Неверным и гнилым в свете этих анархических требований представляется фундамент государства и существующие формы отношений между людьми: поэтому Толстой резко отвергает все демократические, филантропические и революционные исправления государственного строя, как напрасные и неудовлетворительные. Ибо ни дума, ни парламент и меньше всего революция освобождают нацию от «зла», насилия: дом не может быть укреплен на шаткой почве, его можно лишь бросить и построить себе новый. Современное государство основано на мысли о власти, а не на мысли о братстве: поэтому оно в представлении Толстого бесповоротно осуждено на обвал; все социальные и моральные починки только удлиняют его борьбу со смертью. Не гражданско-государственные отношения между народом и правительством должны измениться, а сами люди: не насильственное объединение с помощью государственной власти, а более тесная духовная братская связь всех народов должны укрепить устои.
Но пока это религиозное этическое братство не заменит существующую форму насильственного гражданства, до тех пор, утверждает Толстой, истинная нравственность возможна только вне государства, вне партий, — в невидимых тайниках индивидуальной совести. Так как государство и насилие тождественны, этичный человек не должен отождествляться с государством. Необходима религиозная революция: отказ каждого человека, обладающего совестью, от всякого причастия к насилию. Поэтому Толстой сам решительным шагом становится вне государственных форм и объявляет себя морально независимым от всех обязанностей, кроме возложенных на него совестью. Он не признает «исключительной принадлежности к какому-нибудь народу или государству или подданство какому-нибудь правительству», он добровольно исключает себя из православной церкви, он отказывается принципиально от обращения к правосудию или к какому-нибудь установленному институту современного общества, только чтобы не ухватиться за палец дьявольского насильственного государства. Поэтому не надо поддаваться обману евангелической кротости его братских проповедей, христиански-смиренной окраске его речи, ссылок на Евангелие по поводу враждебной государству социальной критики, по поводу целесообразной энергии и решимости, с которой Толстой, самый смелый еретик нашего века, как радикальный анархист эпохи царизма, объявляет открытую войну церкви по всем установлениям государственного объединения.
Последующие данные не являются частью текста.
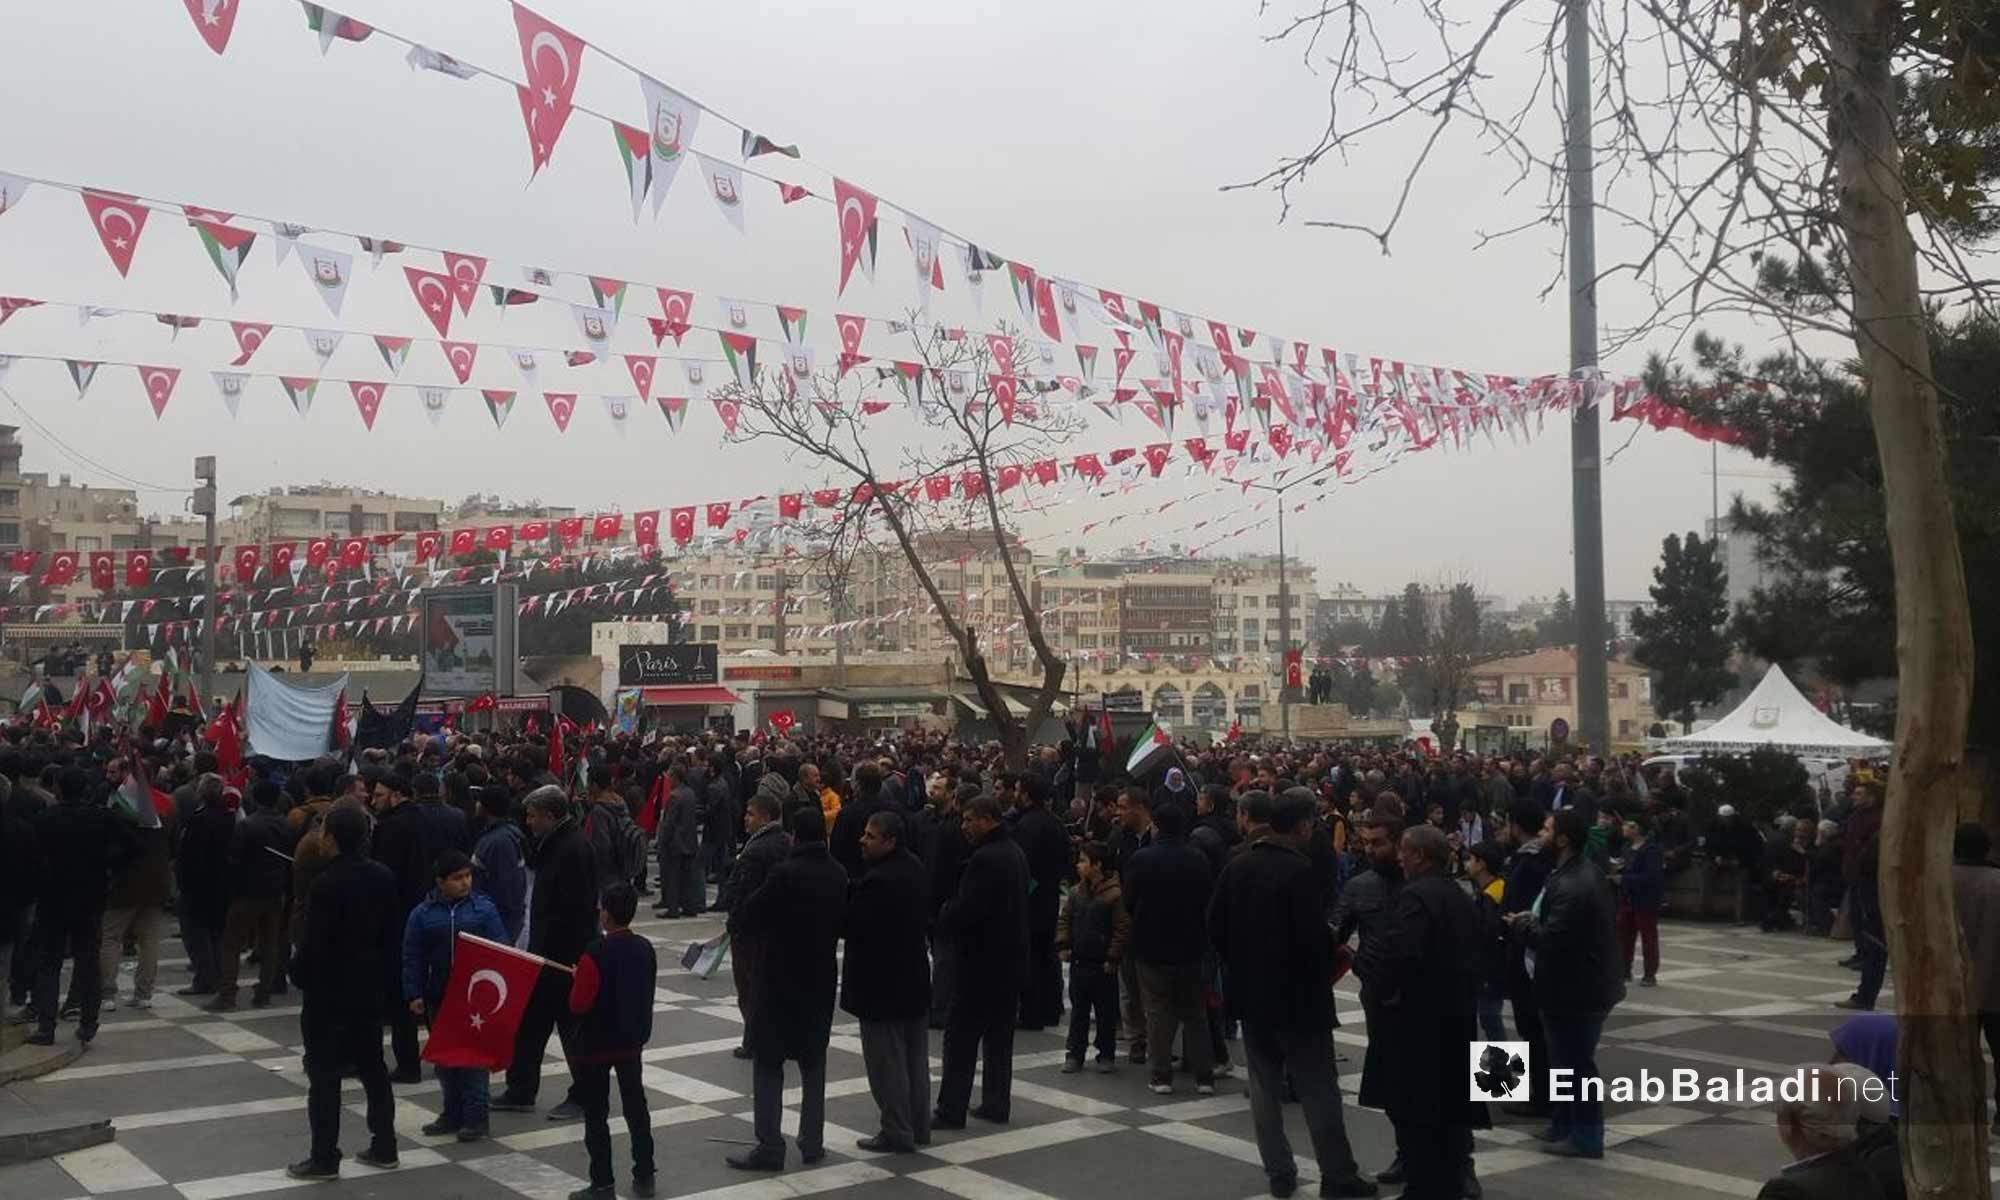  أتراك وسوريون في أورفة التركية يرفضون قرار ترامب حول القدس - 24 كانون الأول 2017 (عنب بلدي)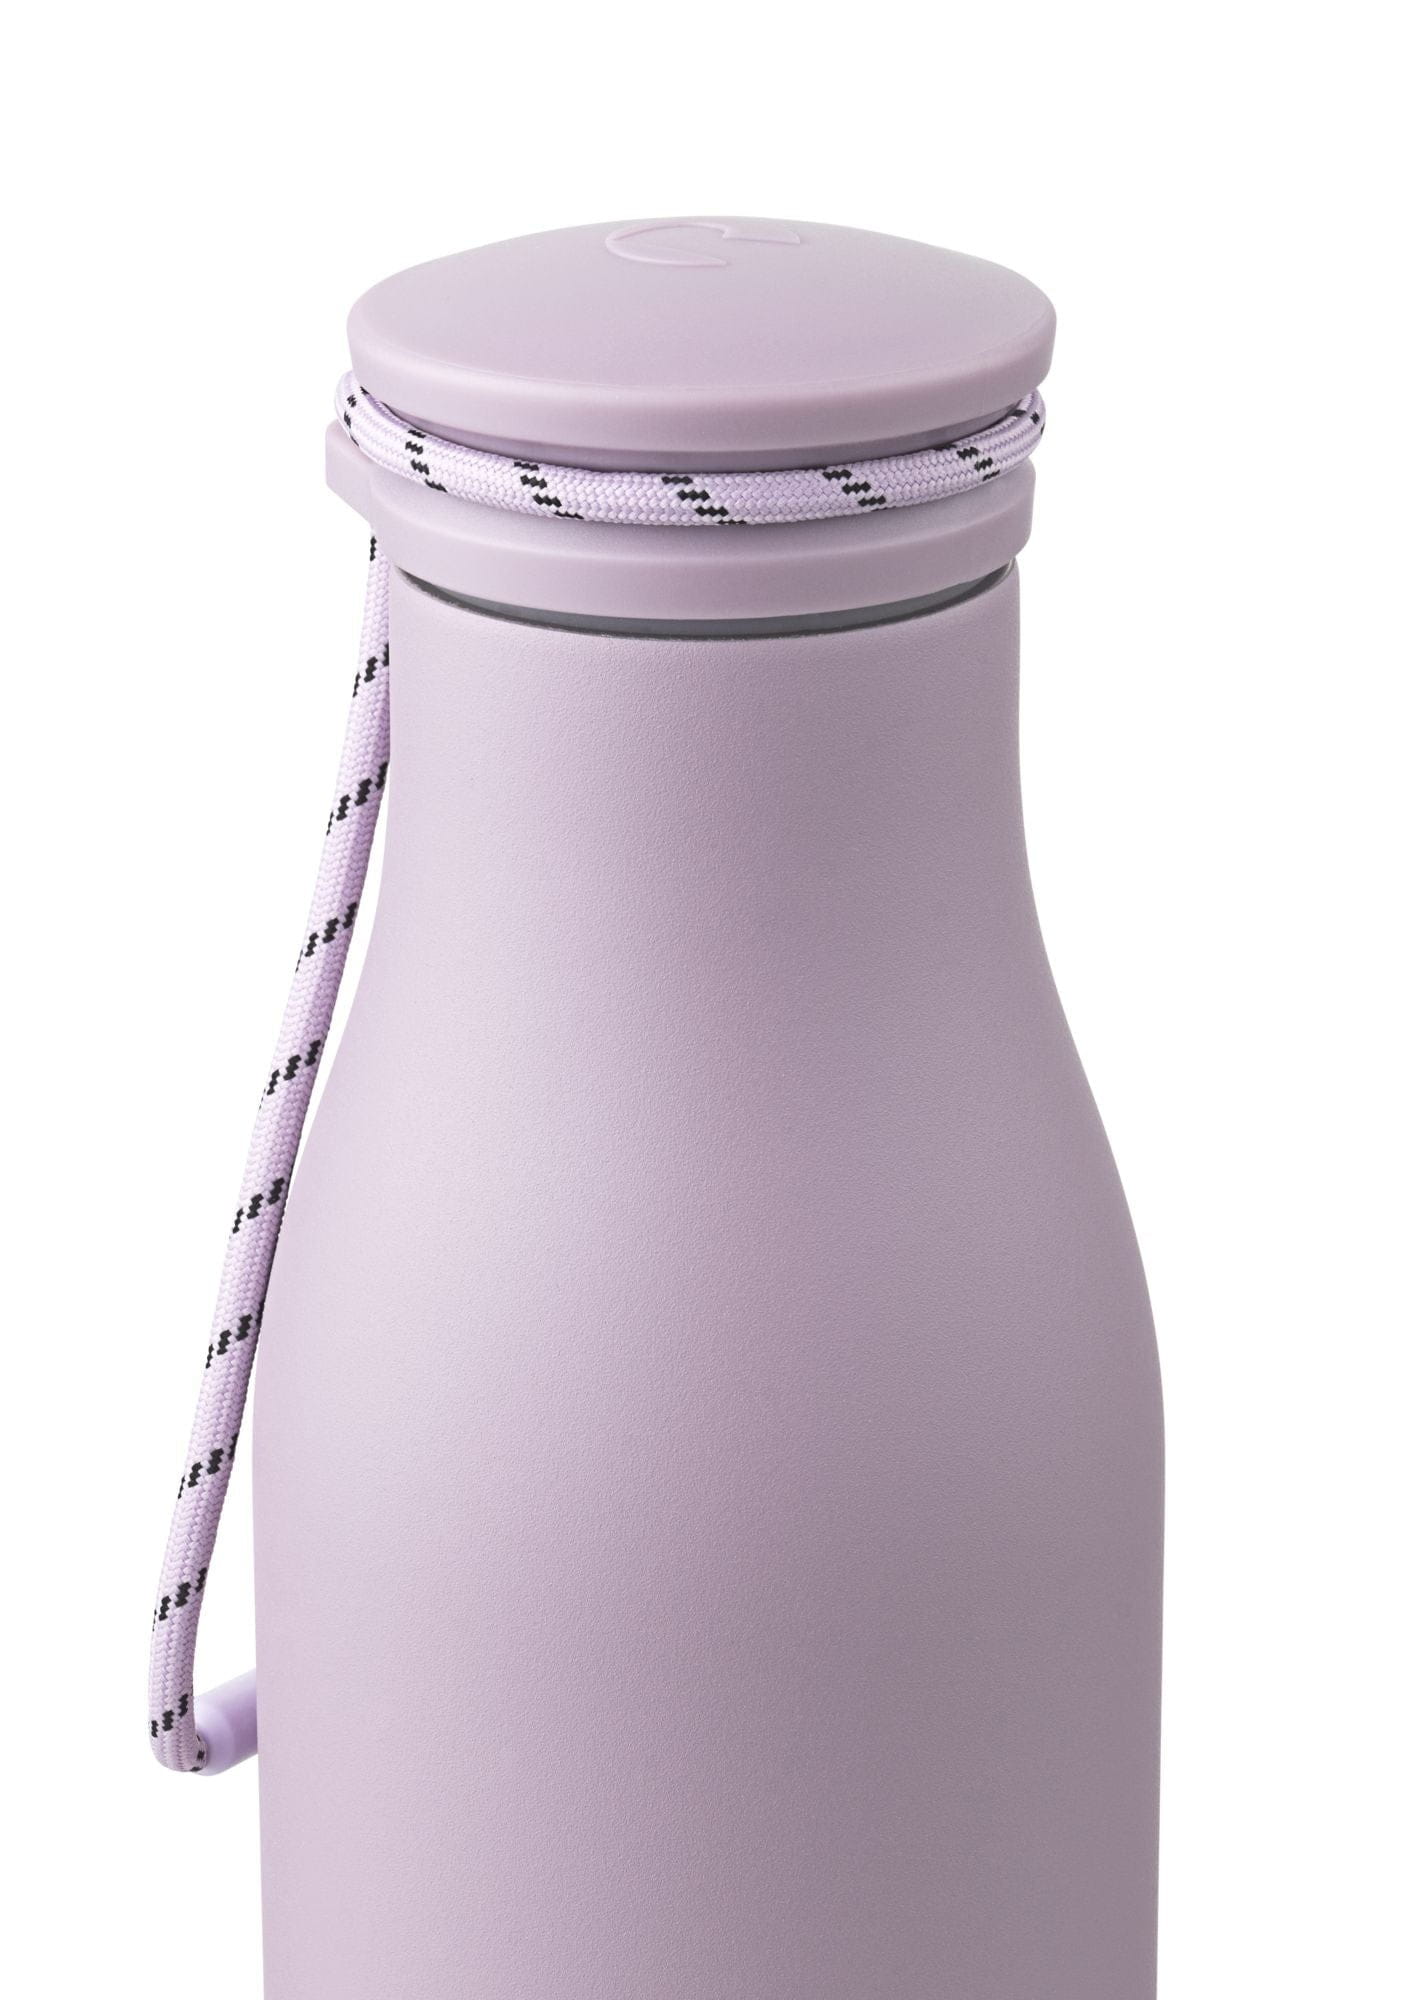 Rosendahl Gc Outdoor Thermos Water Bottle 500 Ml, Purple

Его политика — самая ожесточенная антиполитика, и со времени Лютера это первый полный разрыв единичного человека с новым папизмом, с мыслью о непогрешимости собственности. Даже Троцкий и Ленин теоретически ни на шаг не вышли из пределов толстовского «все должно измениться», так же, как Жан-Жак Руссо, — ami des hommes, — выкопавший своими произведениями для французской революции подземные ходы, из которых она взорвала впоследствии королевство. Толстой больше, чем кто-либо из русских, вскопал и подготовил почву для бурного взрыва: этого радикал-революционера мы, на Западе, введенные в заблуждение его патриархальной бородой и некоторой мягкостью учения, склонны принимать исключительно за апостола кротости.
Правда, так же, как Руссо санкюлотами, Толстой, без сомнения, возмутился бы методами большевизма, ибо он ненавидел партии: «Какая бы партия ни победила, она должна для сохранения своего могущества употребить не только все наличные средства насилия, но и придумать новые», — сказано у него, но правдивое историческое изложение когда-нибудь докажет, что он больше чем кто-либо проложил им путь, что бомбы всех революционеров меньше подорвали авторитет власти, чем открытый протест этого единственного, величайшего, против, казалось, непобедимых сил его родины: царя, церкви и собственности.